The top four trunks were empty and I put them in my loft. The fifth was full of books, mainly cheap editions of classic literature. I kept a few and gave the rest away.

The sixth trunk was also full of books but included a run of "The Imperial Calendar and Civil Service List" from the 1930s to the 1960s. They show details of my father's and father-in-law's careers and other relatives. I still use them for family history.

The seventh and largest trunk was locked. It wasn't as heavy as the fifth and sixth trunks, in fact so light that I thought it might be of heavy construction and empty. It took me about twenty minutes of fiddling with a piece of bent wire to open the lock. Inside was a complete gentleman's dress outfit, tail coat, monkey jacket, stiff shirts, braided trousers etc. They were remarkably small with a 32 inch chest. There were also some papers with the clothes that identified the owner.

He had been a fighter pilot in the First World War when light pilots were essential. He had been wounded and thereafter walked with a cane but remained in the RAF in administration. Later he had been posted to Washington as part of a team buying aircraft and aircraft parts in the late 1930s, continuing there throughout the war. He had been attached to the British Embassy and had worn the natty gent's suiting at Embassy events.

After the attack on Pearl Harbor, and the US's entry into the war, he had changed into his RAF uniform and packed his civilian dress clothes away, so this trunk had been packed in December 1941. He and his wife had opened it from time to time to add mothballs and a note about the circumstances.

When he died, his wife had predeceased him. Most of the valauble family possessions he had distributed to his children in Australia and everything left had been sent to our local auction.

I gave the clothes and the note to our county's museum. I kept the trunk.

The seventh trunk was too large to go through our loft hatch. I looked at it closely to see whether it could be dismantled and reassembled in the loft. As I examined it I found a small tarnished plaque. With a few minutes polishing it read "Packard Car Inc.". The trunk had been an extra for a 1920s Packard, to be carried on the trunk rack that had been a feature of Packards in the 1920s and early 1930s.

I contacted a club for pre-war American Cars and asked if anyone wanted a Packard trunk. An excited Packard owner rang me and eventually drove 150 miles to see the trunk. Not only did it fit the year and model of his Packard but it was the correct colour. I wanted to give it to him - free, but he insisted on giving me ten pounds - the amount I had paid for all seven trunks.

Og
 
My parents died young, and I never met 3 of my grandparents. In grad school one of my projects involved my genealogy, and I couldnt do it because I knew nothing.

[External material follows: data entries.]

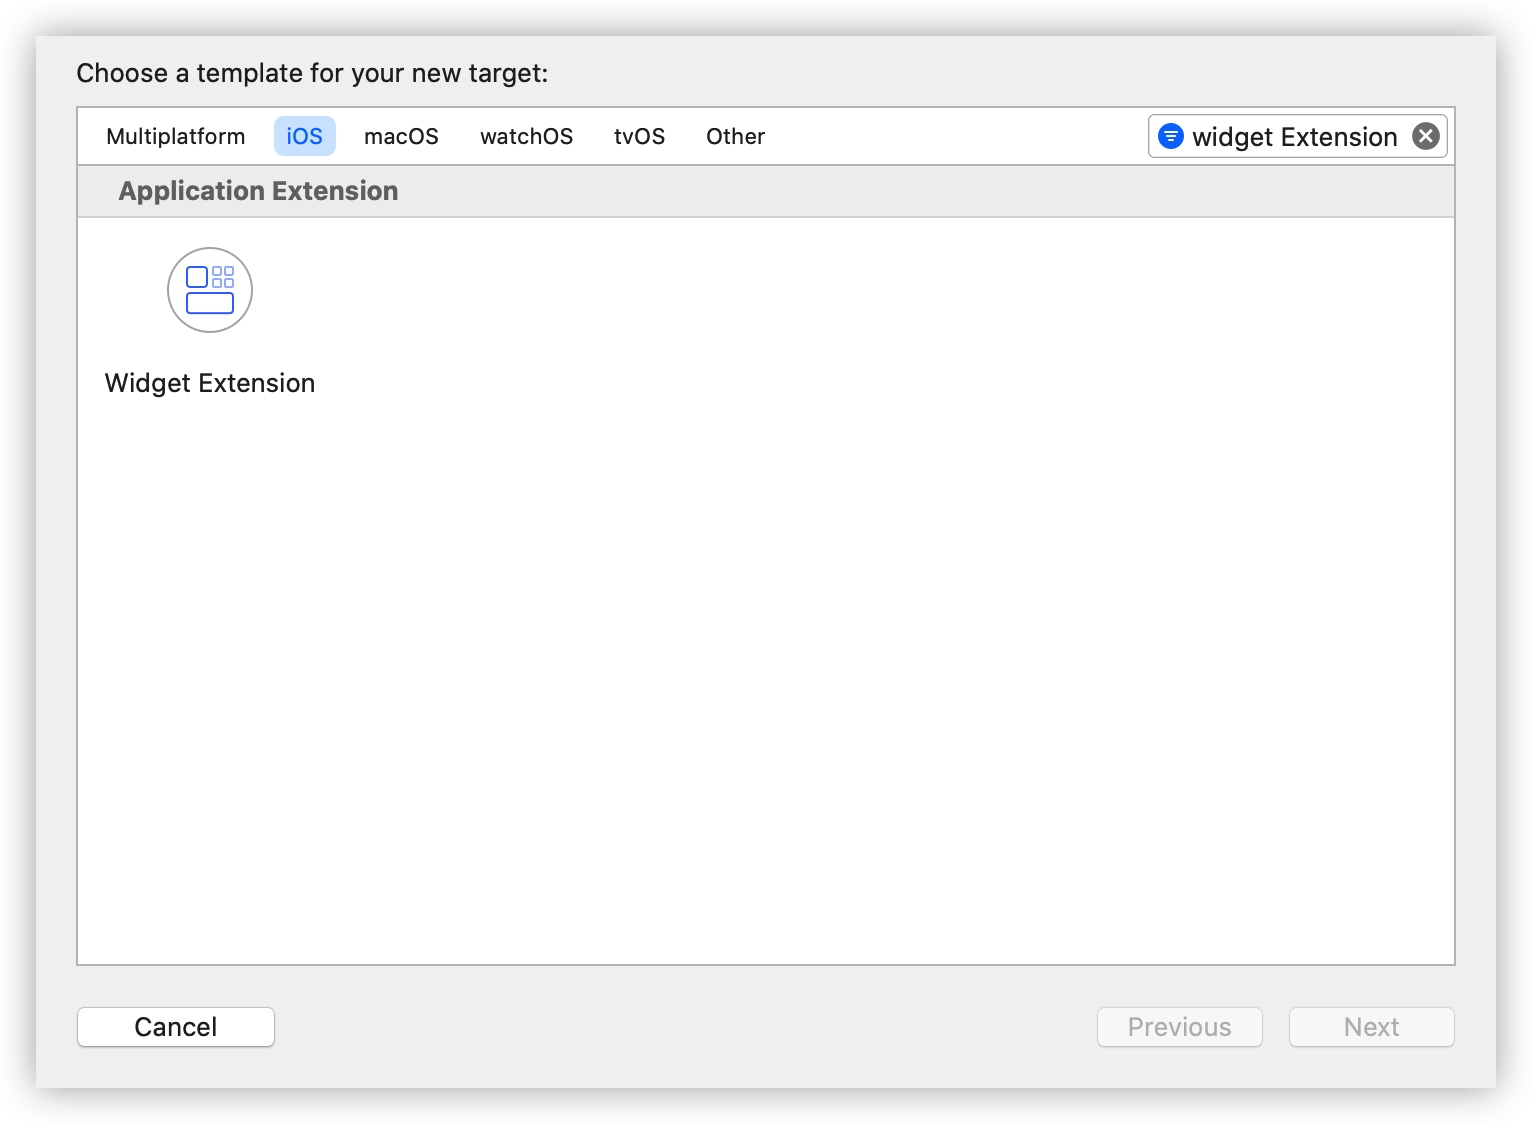 创建 App Extension 第一步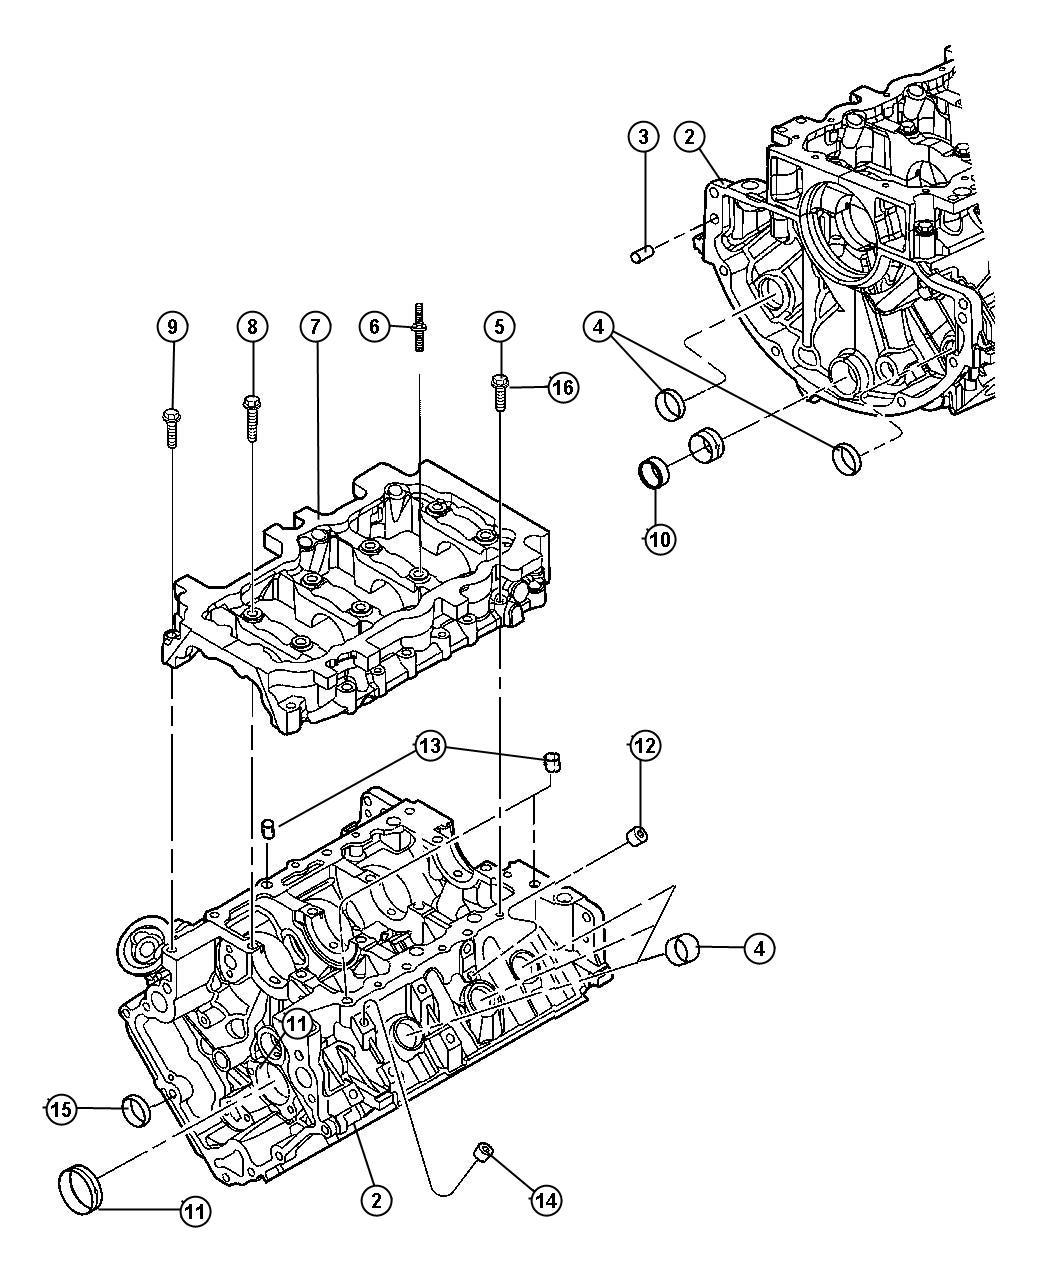 2006 Jeep Commander Engine. Long block. Remanufactured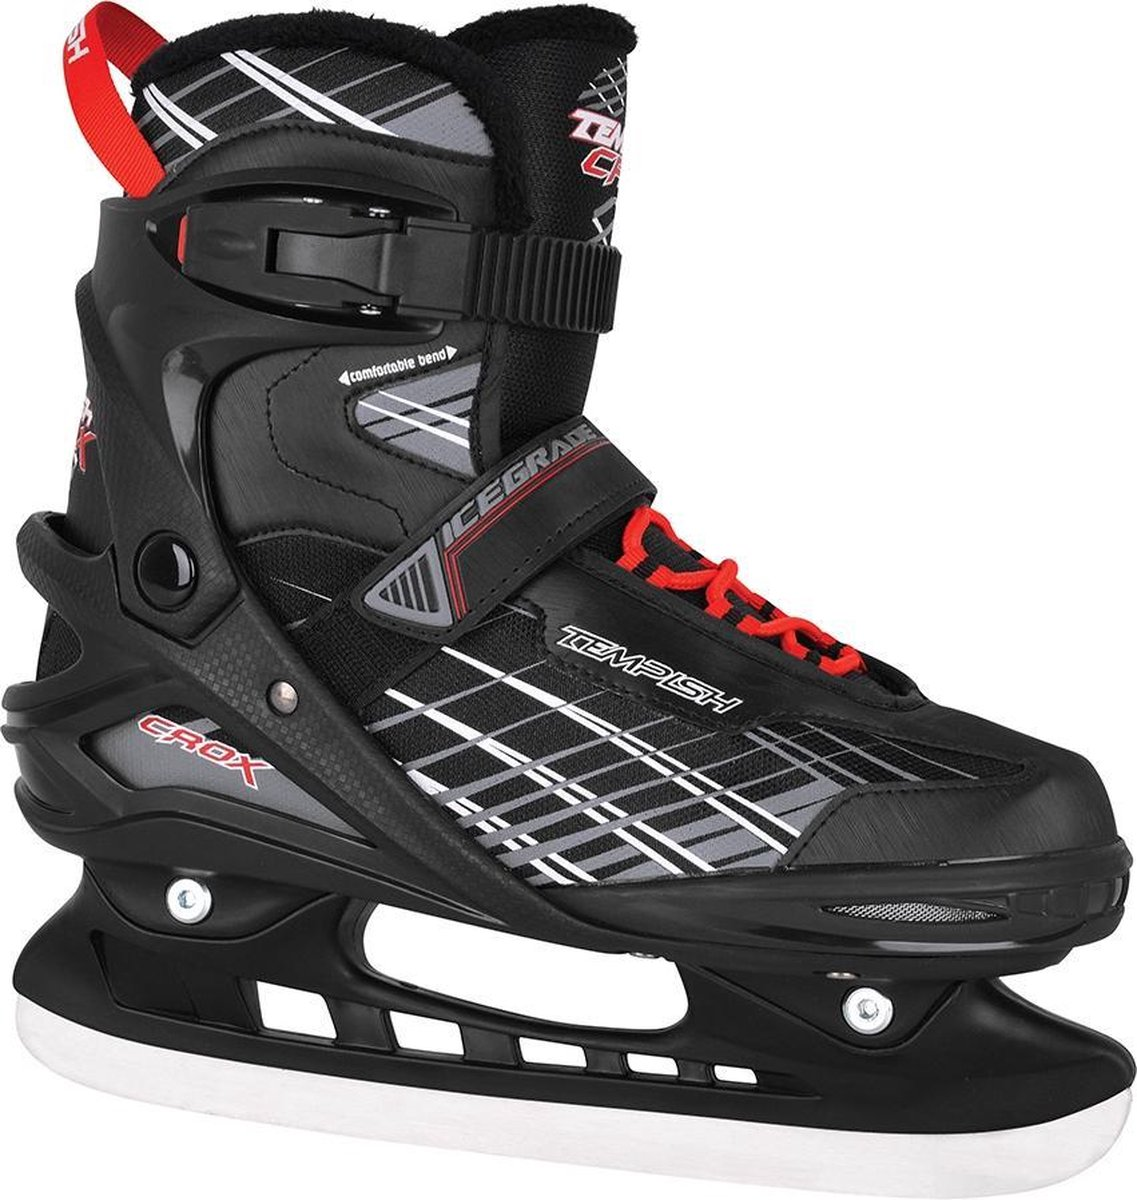 Tempish IJshockeyschaatsen CROX Zwart/Rood 43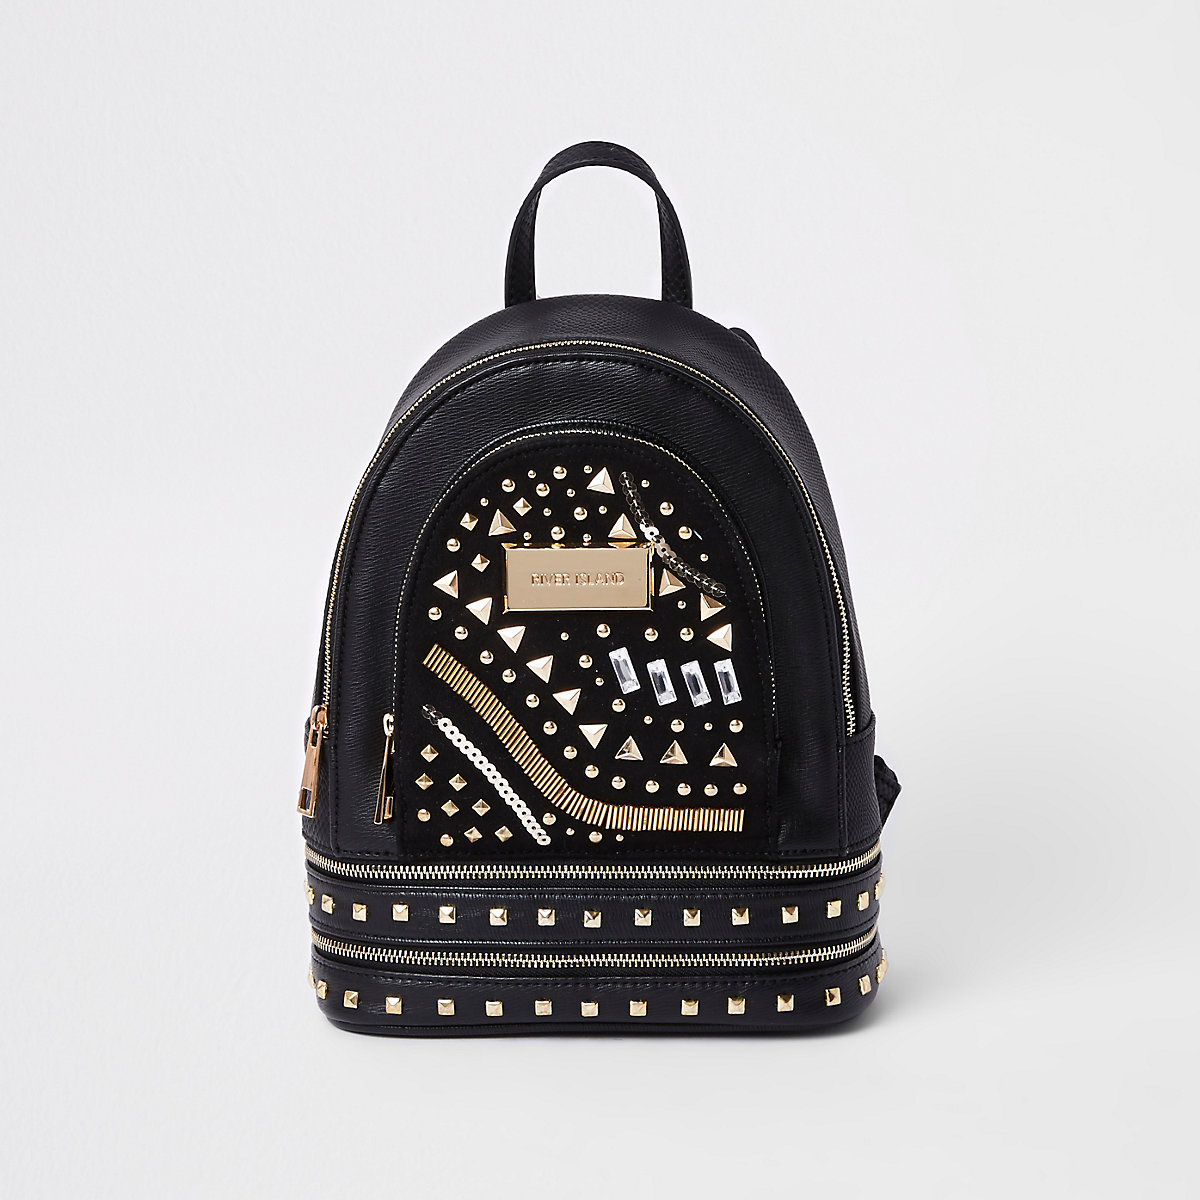 Black mini faux leather backpack

Later I became interested in genealogy and collected large amounts of information, documents, photographs, artifacts, etc. Recently an 1860 diary came into my posession, that illuminated the life of one ancestor when she was 16 years old. It includes a detailed description of her physical appearance, extensive quotes, and many of her daily activities.

But the greatest mystery was my mother's father. She never met him and had no idea who he was. Her mother concealed his identity. I assumed she was a love-child. And I assumed she had a strong dose of hispanic blood because of her coloring and physical characteristics.

I found her father. Our home sat across the street from a cemetery. In this cemetery I found his grave. He died young. I found her parents marriage record. My mother was 2 years older than she thought she was. I even located a woman who was at the wedding. She knew my grandfather, she thought he was okay, and my grandparents divorced soon after the wedding because " Agnes and Arthur just didnt get along." Both remarried. I located a 1st cousin of mine, who is his grand-daughter, and she sent me several photographs of him, plus photos of his parents, etc.

My mother wasnt Mexican, she was Indian-Swiss. The Indian, Cherokee, was on her mother's side. My Cherokee ancestor came to Florida to fight the Seminole, and settled here. He actually had a farm adjacent to a Seminole community, way out in the boonies. Seminoles are really Creek, and there was a lot of bad blood between Cherokee and Creek in the old days.